Le citoyen Mathieu Papatie a été entendu mardi à la Commission d'enquête sur les relations entre les peuples autochtones et certains services publics. Il a déploré l'absence de considération de différents intervenants du système de justice lorsqu'il avait dénoncé ses agressions à la police.

Un texte de Thomas Deshaies

Il a affirmé avoir été victime de multiples sévices et agressions, alors qu'il se trouvait avec ses frères et sœurs dans une famille d'accueil non autochtone de Val-d'Or.

Lors de son témoignage, il a fait état de multiples exactions troublantes, et il doit encore aujourd'hui vivre avec de nombreuses séquelles. « Le bâton de peinture, il y avait le bout pour brasser la peinture, elle [membre de la famille d'accueil] m'avait rentré cela dans la bouche. La luette, comme vous vous avez, moi je ne l'ai plus. On me l'avait sectionnée, on l'a coupée », a-t-il mentionné.

Oublié par la justice

En 2001, il a pris la décision de porter plainte à la police, mais son dossier n'a jamais abouti, puisque les policiers auraient détruit des éléments de preuve, a-t-il rapporté. Une déclaration qui correspond à ce qui avait été exposé en mai 2007 dans le journal L'Écho abitibien.

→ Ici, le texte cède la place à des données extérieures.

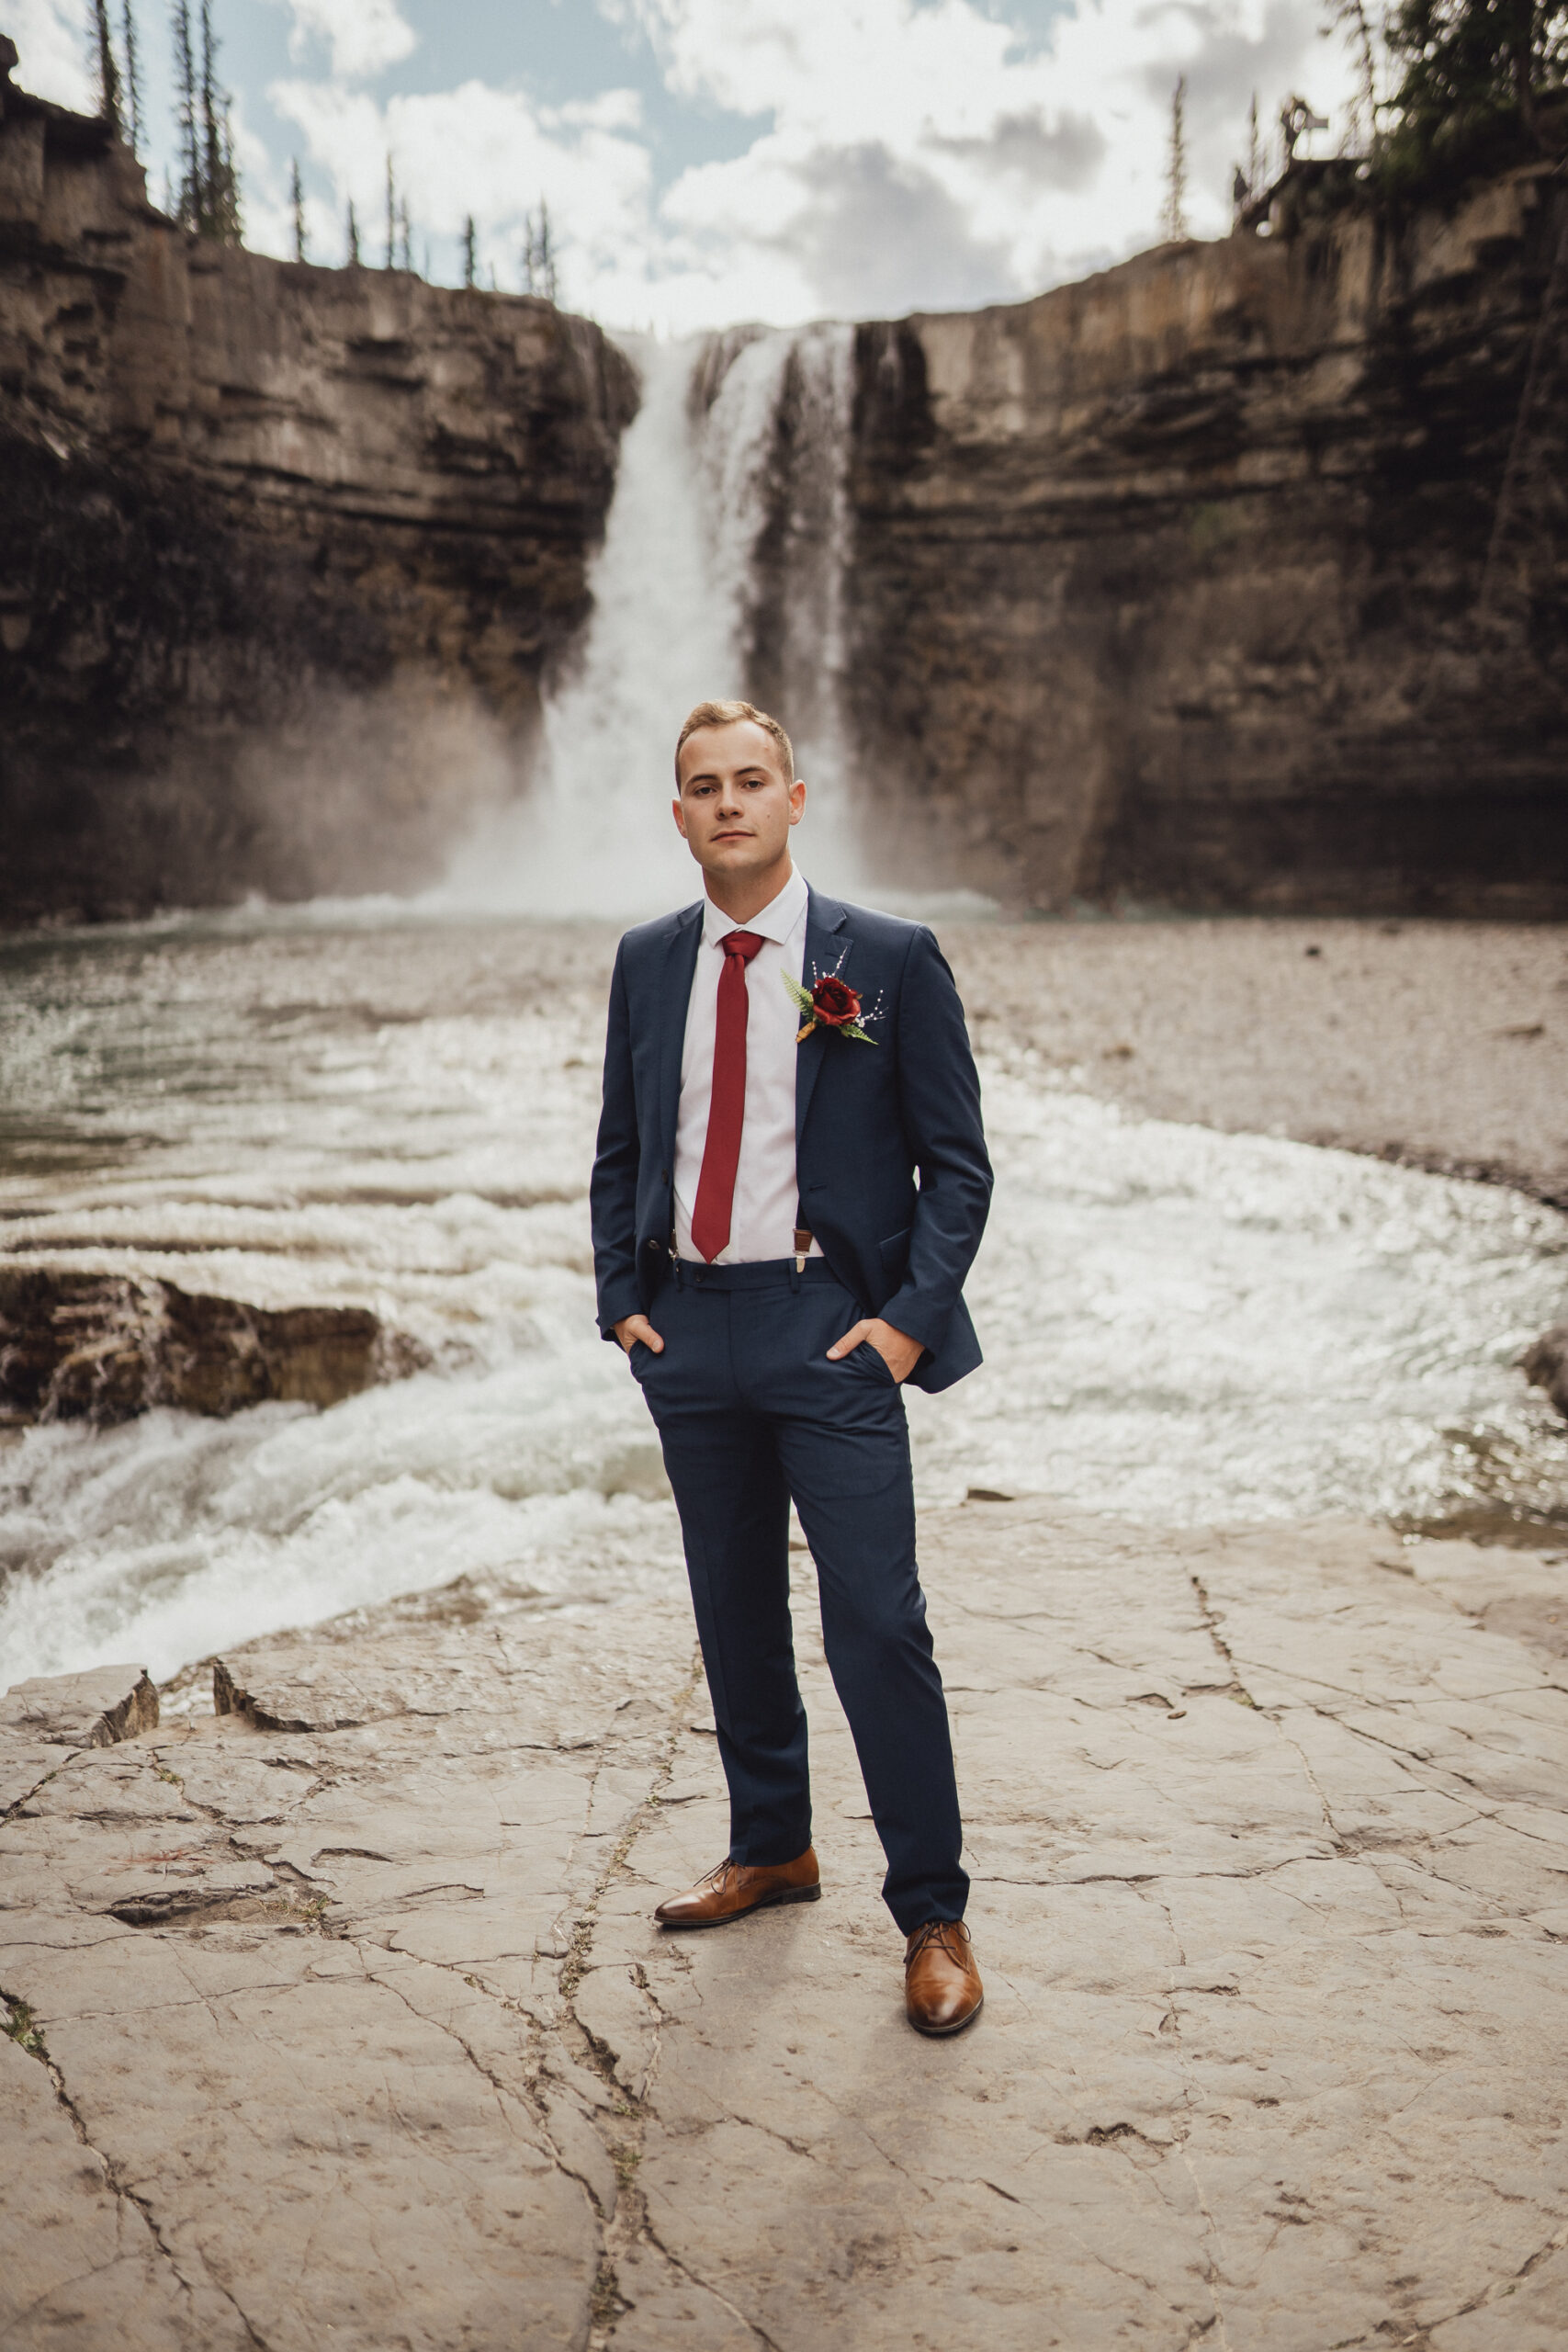 Groom in cobalt blue wedding suit and red tie standing in front of waterfall

Mathieu Papatie a déploré n'avoir jamais reçu d'explications de qui que ce soit à la suite de l'arrêt des procédures, qu'il a appris dans les journaux régionaux. Il a expliqué avoir eu l'impression que son cas n'était pas considéré comme important par les autorités compétentes. « J'ai attendu, j'étais ben patient, mais je n'ai jamais reçu d'autres nouvelles. On l'oublie. Regarde, on passe à d'autres choses », a-t-il déploré.

Manque d'écoute

Ce n'est que le 25 mai 2016, épaulé par le Centre d'amitié autochtone de Val-d'Or, qu'il a pu rencontrer des représentants du Directeur des poursuites criminelles et pénales (DPCP), le procureur en chef de l'Abitibi et une procureure de Val-d'Or. Mathieu Papatie, qui souhaitait comprendre ce qui s'était passé, aurait toutefois eu bien peu d'explications.

Dorothée Chrétien, intervenante du Centre d'amitié autochtone de Val-d'Or, accompagnait M. Papatie lors de son témoignage à la commission d'enquête, ainsi que lors de la rencontre de 2016. Elle a déclaré à la commission que M. Papatie n'avait pas eu le sentiment d'avoir été écouté lors de cette rencontre. « Ils auraient pu lui offrir de jaser après, prendre un café, l'écouter, laisser la place qu'il n'a pas eue depuis toutes ces années-là », a-t-elle déploré.

Étant donné les délais dépassés depuis les faits allégués, on l'a informé, lors de cette rencontre, qu'il n'était pas possible d'intenter de nouvelles procédures contre la famille d'accueil. On n'a également pas pu lui confirmer si la famille d'accueil continuait de prendre en charge des jeunes.

Dénoncer rapidement

M. Papatie a conclu son témoignage avec résilience, en invitant les victimes à dénoncer rapidement les agresseurs. « J'aimerais qu'il n'y ait pas d'autres enfants qui subissent la même affaire que moi, ce n'est pas une bonne idée d'attendre trop longtemps, a-t-il souligné. J'aimerais laisser le message aux autres enfants, ne cachez pas cela en vous. Continuez à vous battre. »

La Sûreté du Québec n'a pas souhaité commenter le témoignage, précisant que l'organisation ne commentait pas les commissions d'enquête, tout comme le Directeur des poursuites criminelles et pénales.

Le procureur qui représentait le DPCP à la commission d'enquête, Maxime Laganière, a toutefois demandé plusieurs précisions au témoin, dont il a aussi souligné la participation : « Je tiens à vous remercier de votre présence ici, c'est fort apprécié », a-t-il déclaré.